Ashley Guest, a PhD student at the University of Arizona Health Sciences, presented the first poster, which investigated the cellular and local network dynamics of neurons in the subthalamic (STN) when stimulated with DBS. Patients with Parkinson disease (PD) included in the study underwent neurosurgery for DBS electrode placement, but the results showed that DBS does not change the firing rate of neurons in the STN.1

The anesthesia used in the study was propofol. When asked whether the anesthetic choice may have an impact, Guest told reporters, “we cannot eliminate the influence of anesthesia on our studies, so at this point I can’t definitely say that it is playing a point. Our gut is that it is and in general, anesthesia dampens and slows down brain rhythm. We’re interested in repeating our studies in awake patients.”

Her and her colleagues also wrote that the data suggests that DBS acts at the network level because of the lack of effect of STN neuron firing and the changes in AP-LFP (left frontoposterior position) relationship.

Guest’s research was followed up by Lan Luo, MD, neurologist, Beth Israel Deaconess Medical Center. Luo et al evaluated whether stroke lesion locations disrupting gait and DBS sites improving gait in PD map to common brain circuit.2 The study derived a circuit connected to lesions associated with gait impairment in 109 patients with stroke and computed the regions functionally connected to each lesion location. Using voxel-wise t tests, researchers assessed the therapeutic relevance of this circuit by comparing it to 94 subthalamic DBS sites in patients with PD. They concluded that connectivity between lesion locations and a network of brain regions, including anterior cingulate, midbrain, and pons was significantly associated with gait impairment.

"Within the conjunction analysis, we took a more general picture of the gait dysfunction into our analysis, “Luo stated. “Some of the more heterogeneity was not accounted for.”

READ MORE: Multiple Independent Current Control DBS Associated With Improved Outcomes in Parkinson Disease

DBS continued to be a hot topic within this session, having long-term outcomes further analyzed in research presented by Jill L Ostrem, MD, FAAN, neurologist, University of California San Francisco. The study compared the 10-year clinical outcomes of patients with PD who receive DBS treatment in the STN compared to globus pallidus interna (GPi).3

Improvement in motor function compared to baseline was maintained over2, 7, and 10 years for GPi and STN, with a trend slightly favoring STN. The greatest reduction over time was seen in tremor subscales followed by rigidity subscales.

"In conclusion, this is the longest study evaluating 2 DBS targets in a randomized clinical trial,” Ostrem stated. “Our findings show that DBS has a significant and stable effect on some motor function, regardless of target over 10 years. I find this remarkable as PD is a progressive neurodegenerative disease and we can maintain or even improve upon some aspects over 10 years.”
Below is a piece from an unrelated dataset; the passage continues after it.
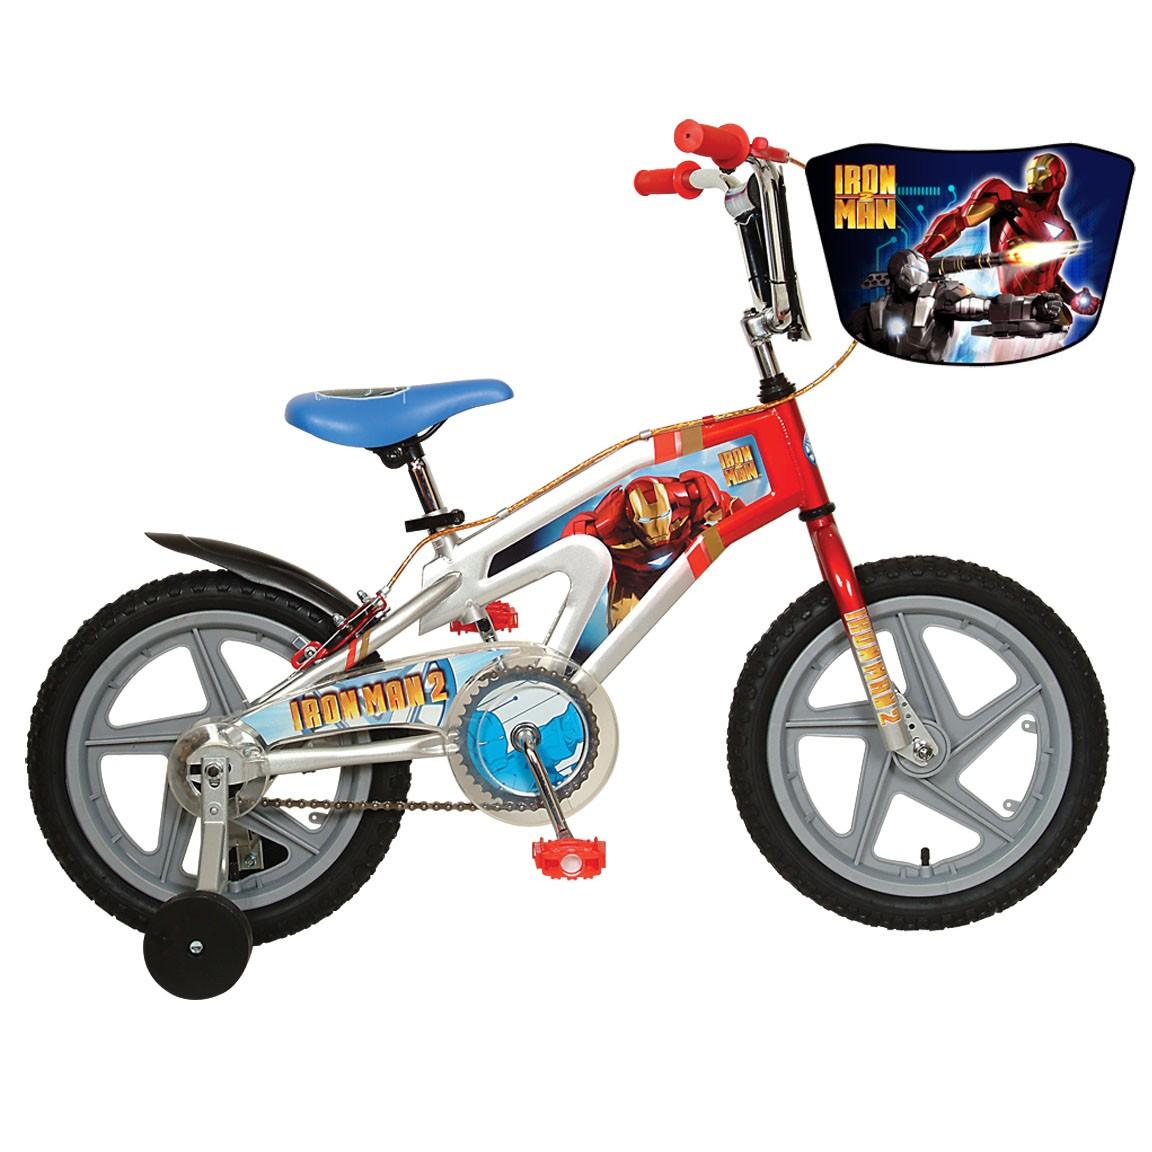 Ironman 16 inch Cycle Force Bike

Ostrem also noted that she hopes the results help clinicians and their patients with PD understand more about the effects of DBS therapy and what to expect long-term.
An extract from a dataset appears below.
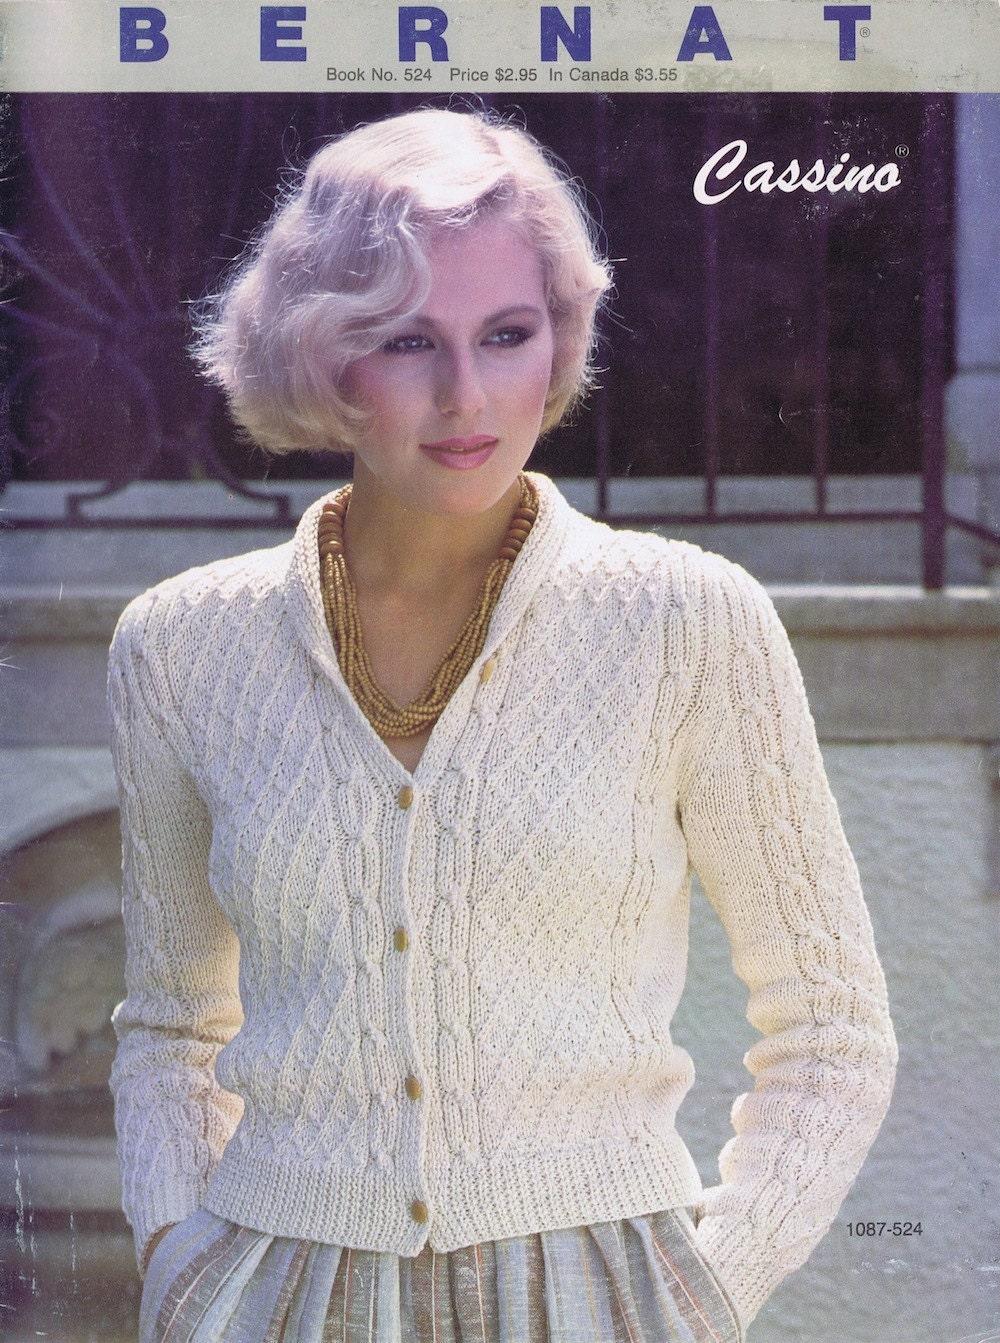 Vintage Knitting Books : Original vintage knitting book by bernat s women

Localizing and understanding more about the targets of DBS and how it can impact patients has become more common topic within the neuromodulation space. Jerrold L Vitek, MD, PhD, professor and head, Department of Neurology, University of Minnesota, was the fourth presenter within the session and unveiled 4-year follow-up data from the prospective double-blind INTREPID trial (NCT01839396).4

Vitek and colleagues used Boston Scientific’s Vercise DBS system, which was FDA-approved in January 2020 and is capable of multiple independent current control (MICC). Analysis of the pre-specified end point, change in increased on time without troublesome dyskinesia, demonstrated a mean difference of 3.03 plus/minus 4.52 hours (P <.001) between active and control groups.
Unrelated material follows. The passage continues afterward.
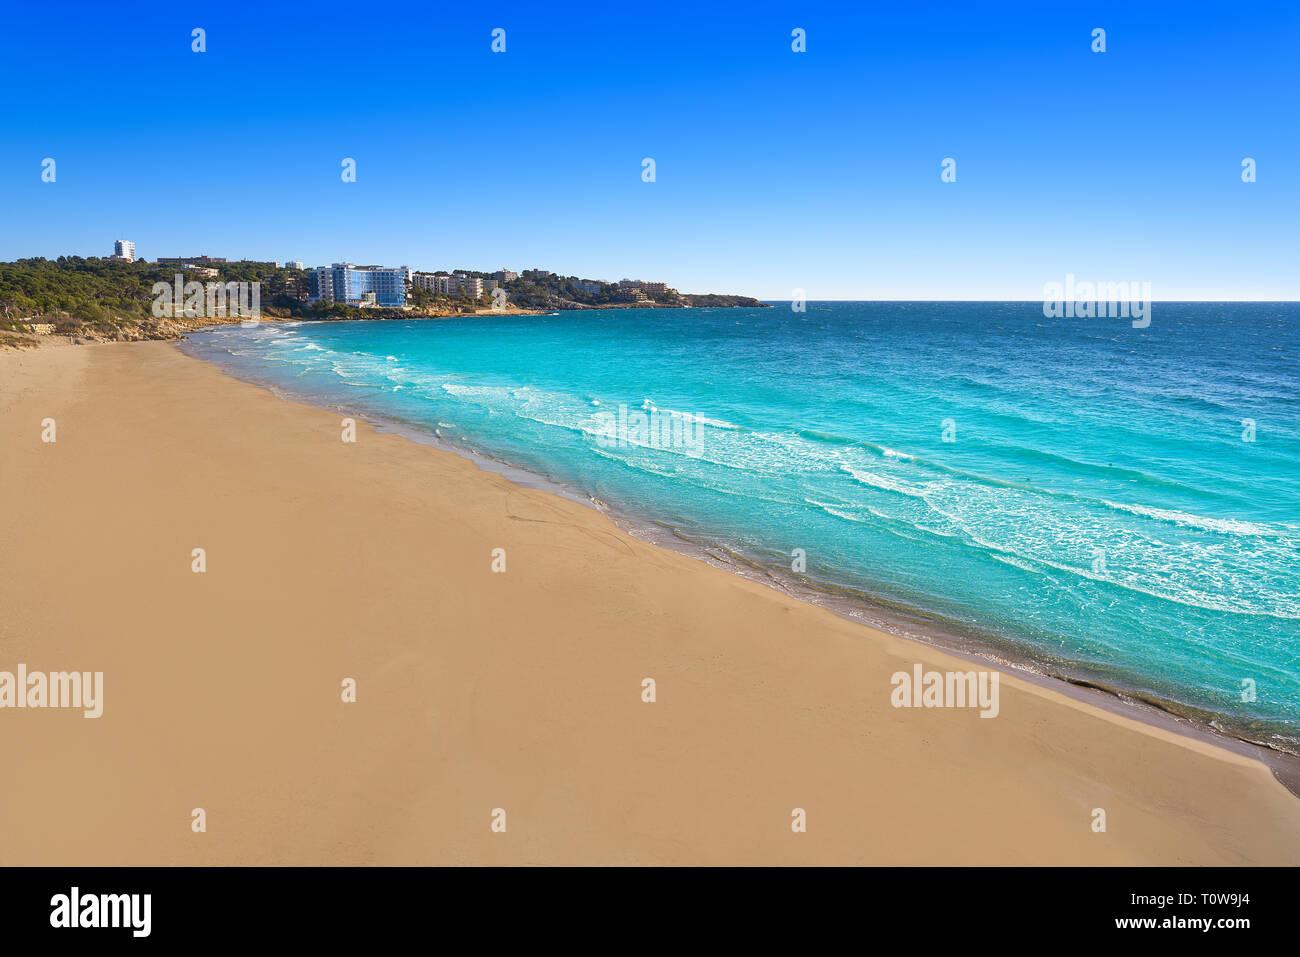 Platja Llarga Salou beach in Tarragona of Catalonia Stock Photo

At 3-year follow-up, a 46% improvement in Unified Parkinson Disease Rating Scale (UPDRS)-3 scores and stable reduction in anti-parkinsonian medication were reported. “We didn’t use the directional lead; we used the 8 Contact Lead. What we did look at was a number of contacts that we used over time,” Vitek said in response to an audience question. “As you go from 3 months, 6 months, to a year, the number of contacts increased significantly. By the time we finished at 1 year, 41% of the programs were using more than 1 contact.”

The final presentation included data from a survey on behalf of the Parkinson Study Group (PSG) that evaluated the effects effects of the COVID-19 pandemic shutdown on DBS care and was presented by Mustafa S Siddiqui, MD, professor of neurology, Wake Forest School of Medicine. It included 23 PSG sites that had COVID-associated restrictions impacting DBS care that were put in place lasting 4 to 16 weeks.5

All told, a third of the sites discontinued preoperative evaluations while the remaining offered limited preoperative evaluations. DBS practice changes affecting all aspects of care were reported, including preoperative assessments (96%), electrode placement (87%), new implantable pulse generator (IPG) placement (83%), IPG replacement (65%), initial DBS programming (74%), and routine DBS programming (91%).

"This survey helps generate things for future research where we can look at all these factors and how remote DBS care can be given during any shutdown for that matter,” Siddiqui stated. He also noted that they did not take record of the alternative therapies that DBS patients may have reverted to due to these barriers caused by the pandemic.

For more coverage of AAN 2021, click here.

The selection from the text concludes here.